»»

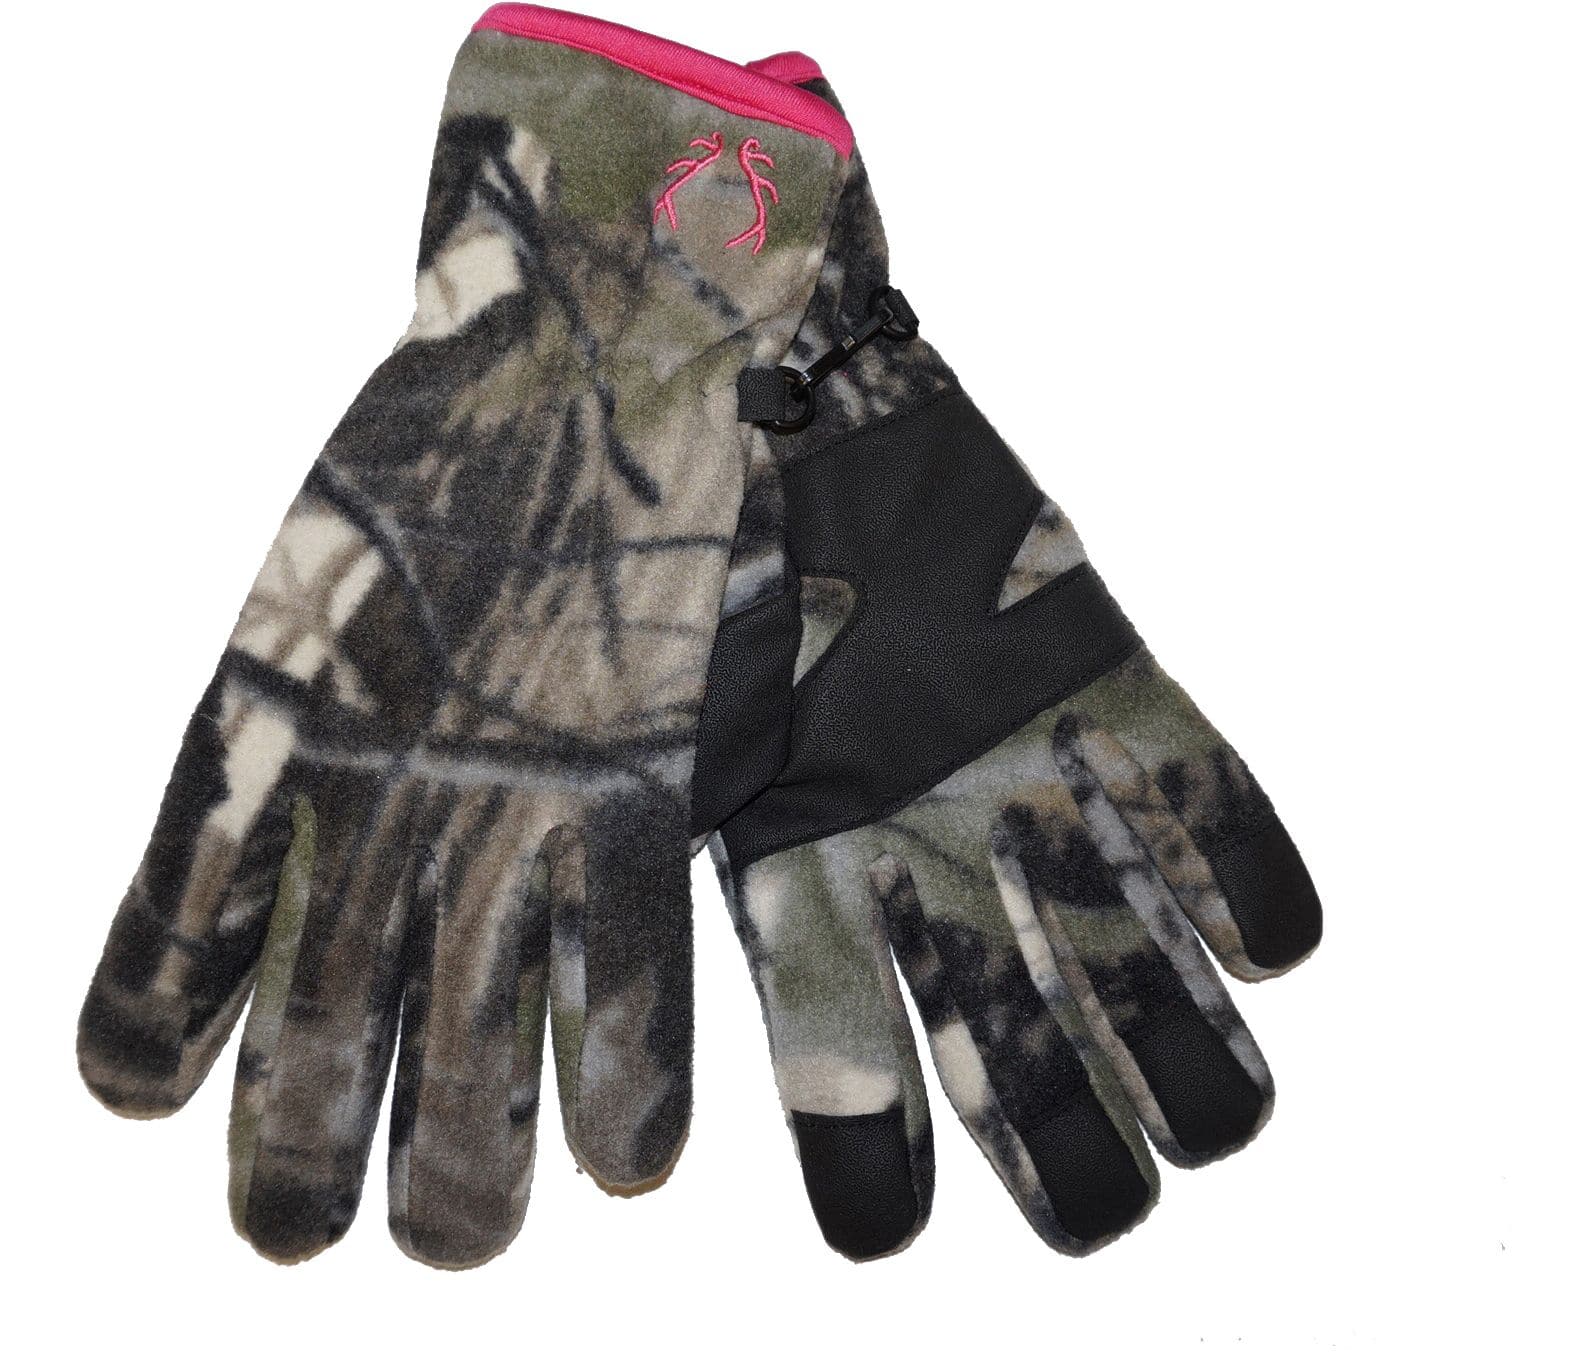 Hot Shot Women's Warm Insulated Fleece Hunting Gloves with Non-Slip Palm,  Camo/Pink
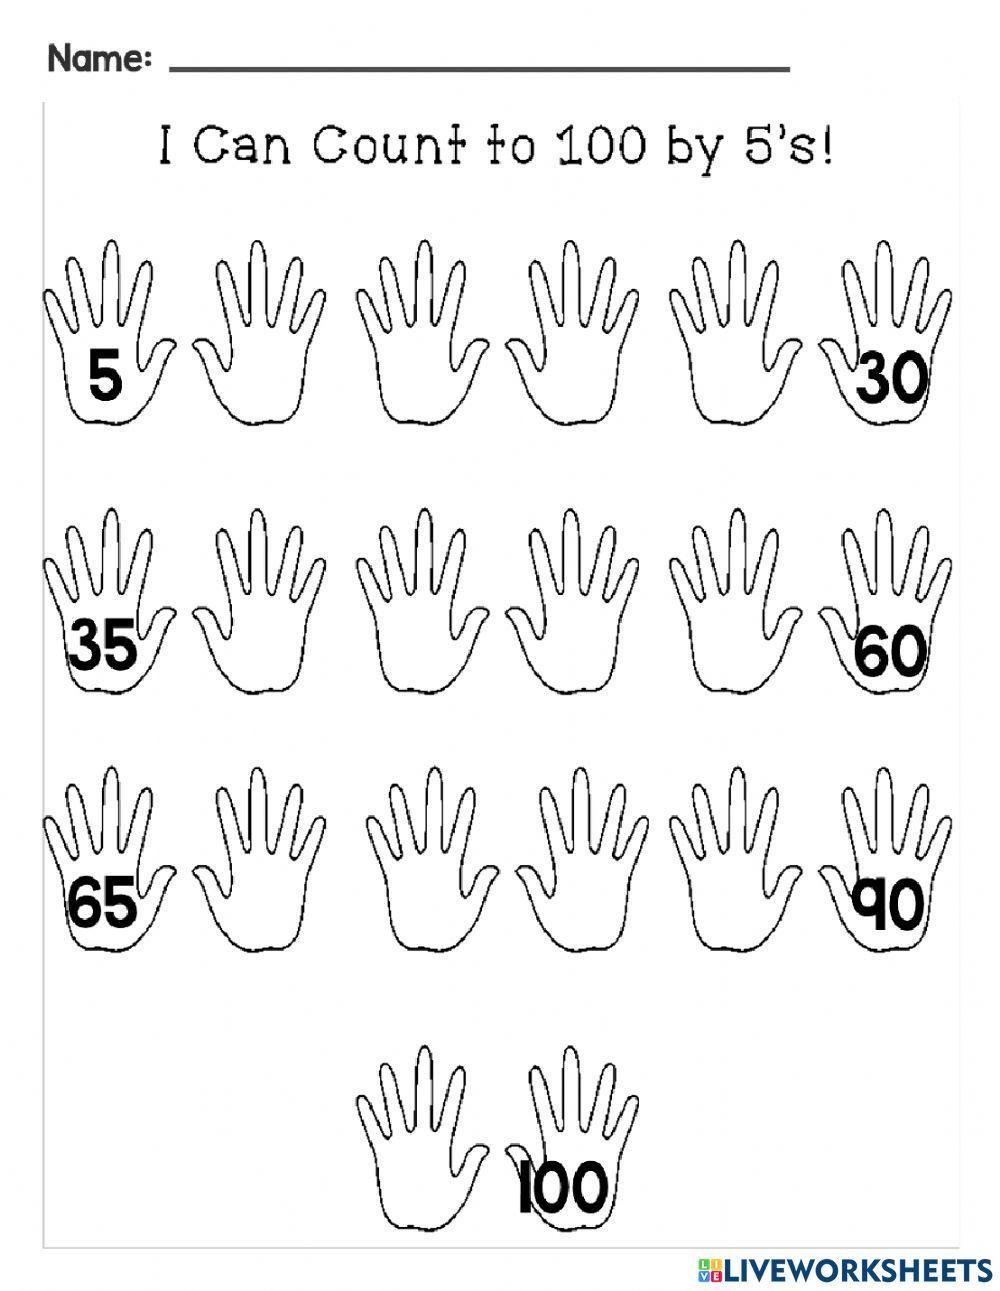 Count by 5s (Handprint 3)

««
»»

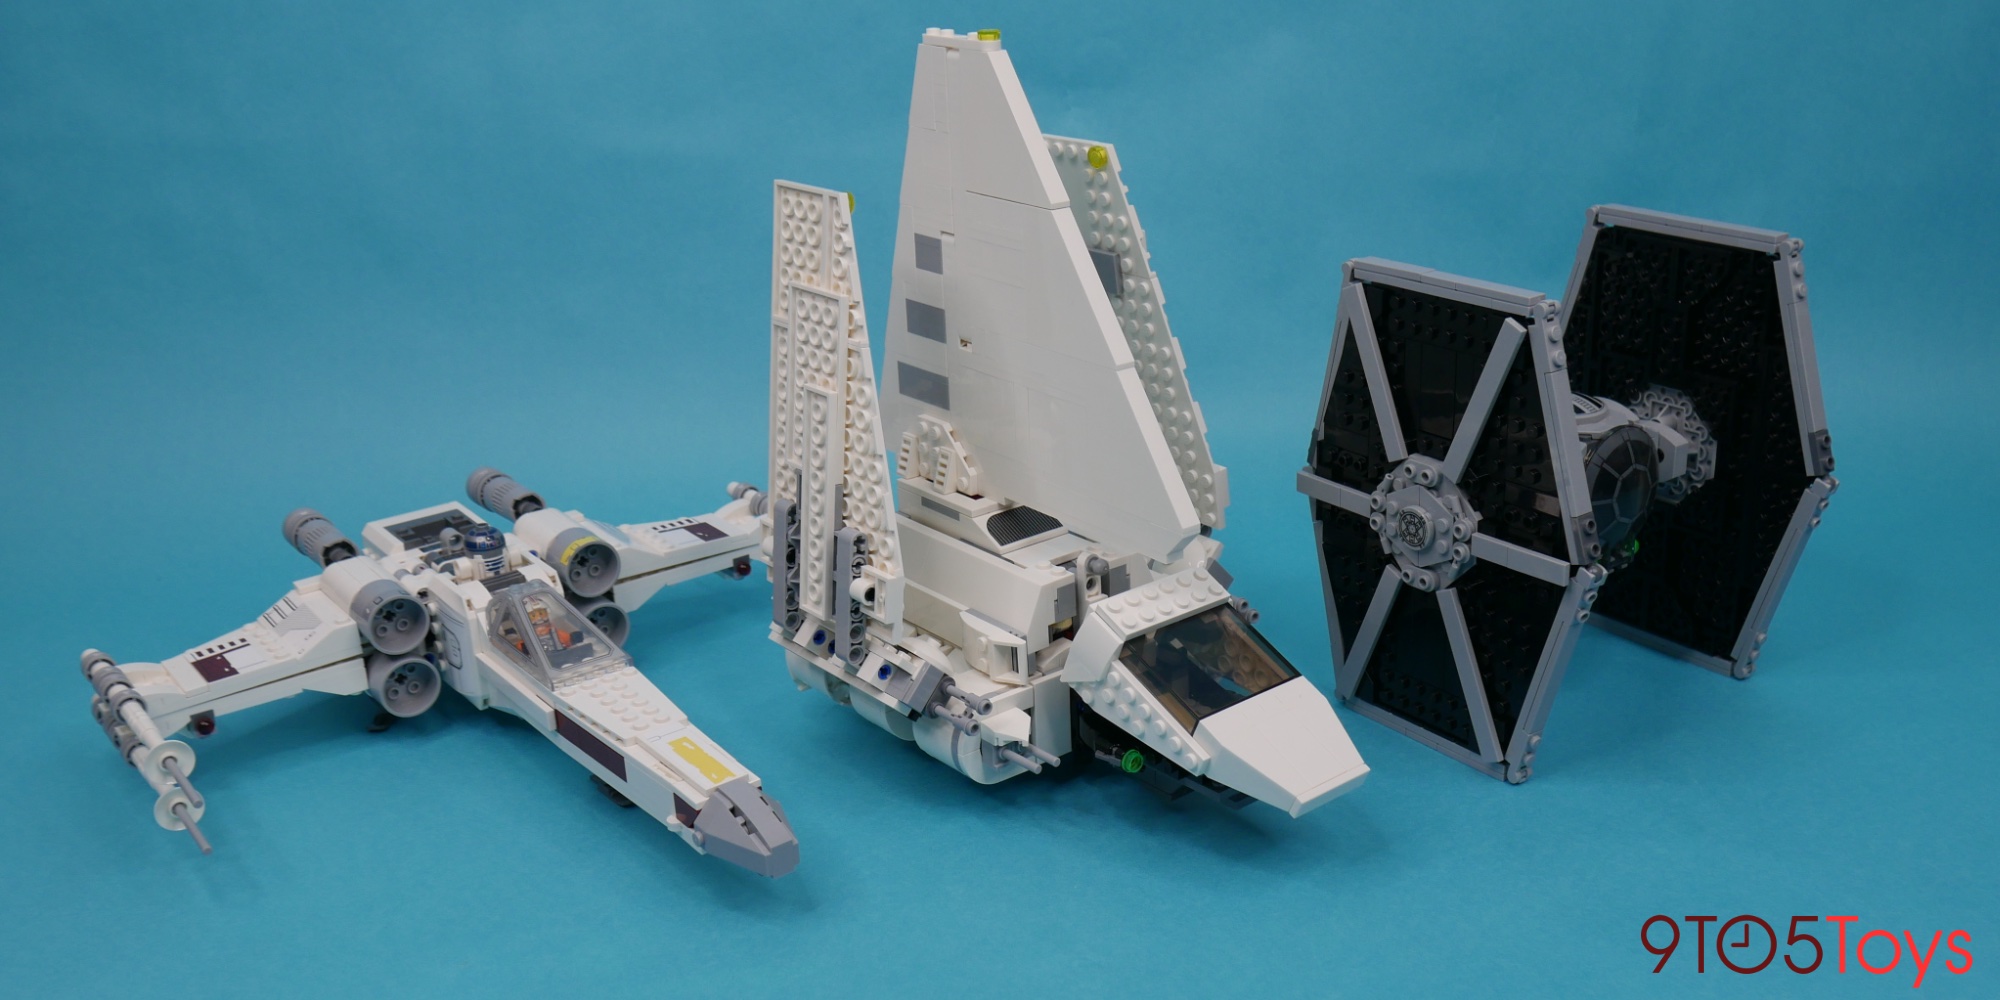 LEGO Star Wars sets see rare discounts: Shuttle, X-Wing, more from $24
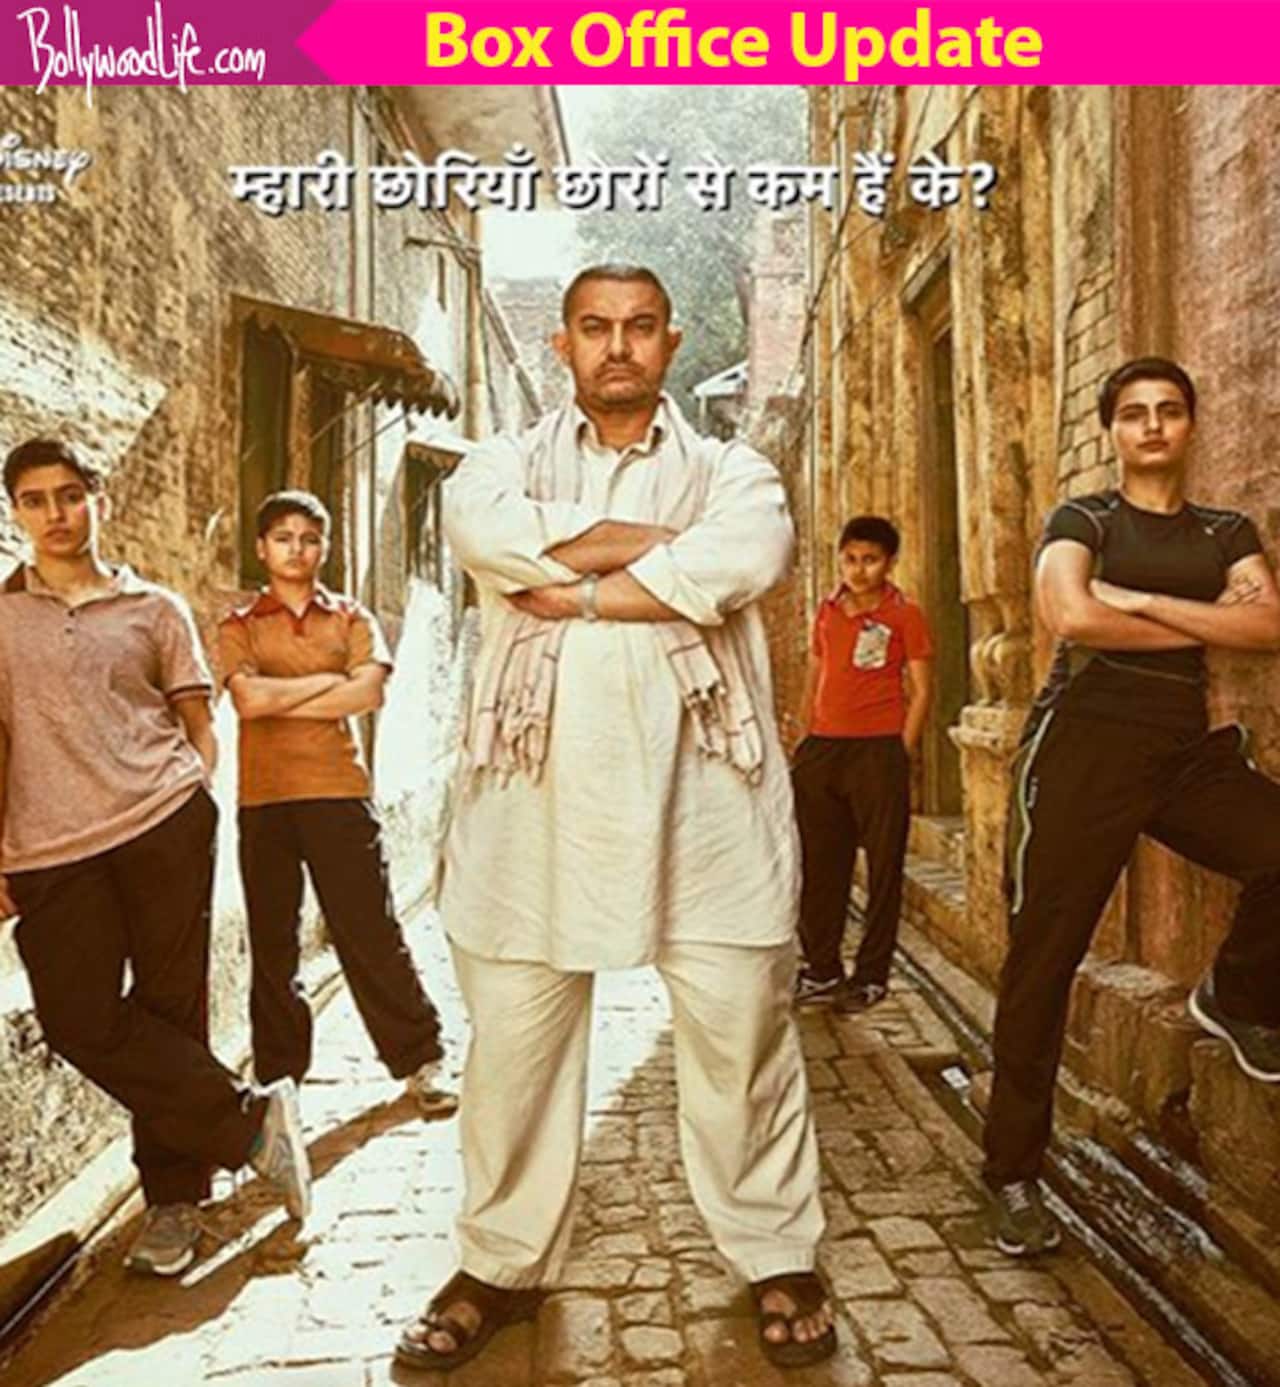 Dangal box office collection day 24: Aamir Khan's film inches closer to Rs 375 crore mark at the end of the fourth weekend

««

### Problem
With the pictures left out, write out exactly the lines above from the one containing "LEGO Star Wars" through the one containing "Dangal box office".

### Answer below
 LEGO Star Wars sets see rare discounts: Shuttle, X-Wing, more from $24
 Dangal box office collection day 24: Aamir Khan's film inches closer to Rs 375 crore mark at the end of the fourth weekend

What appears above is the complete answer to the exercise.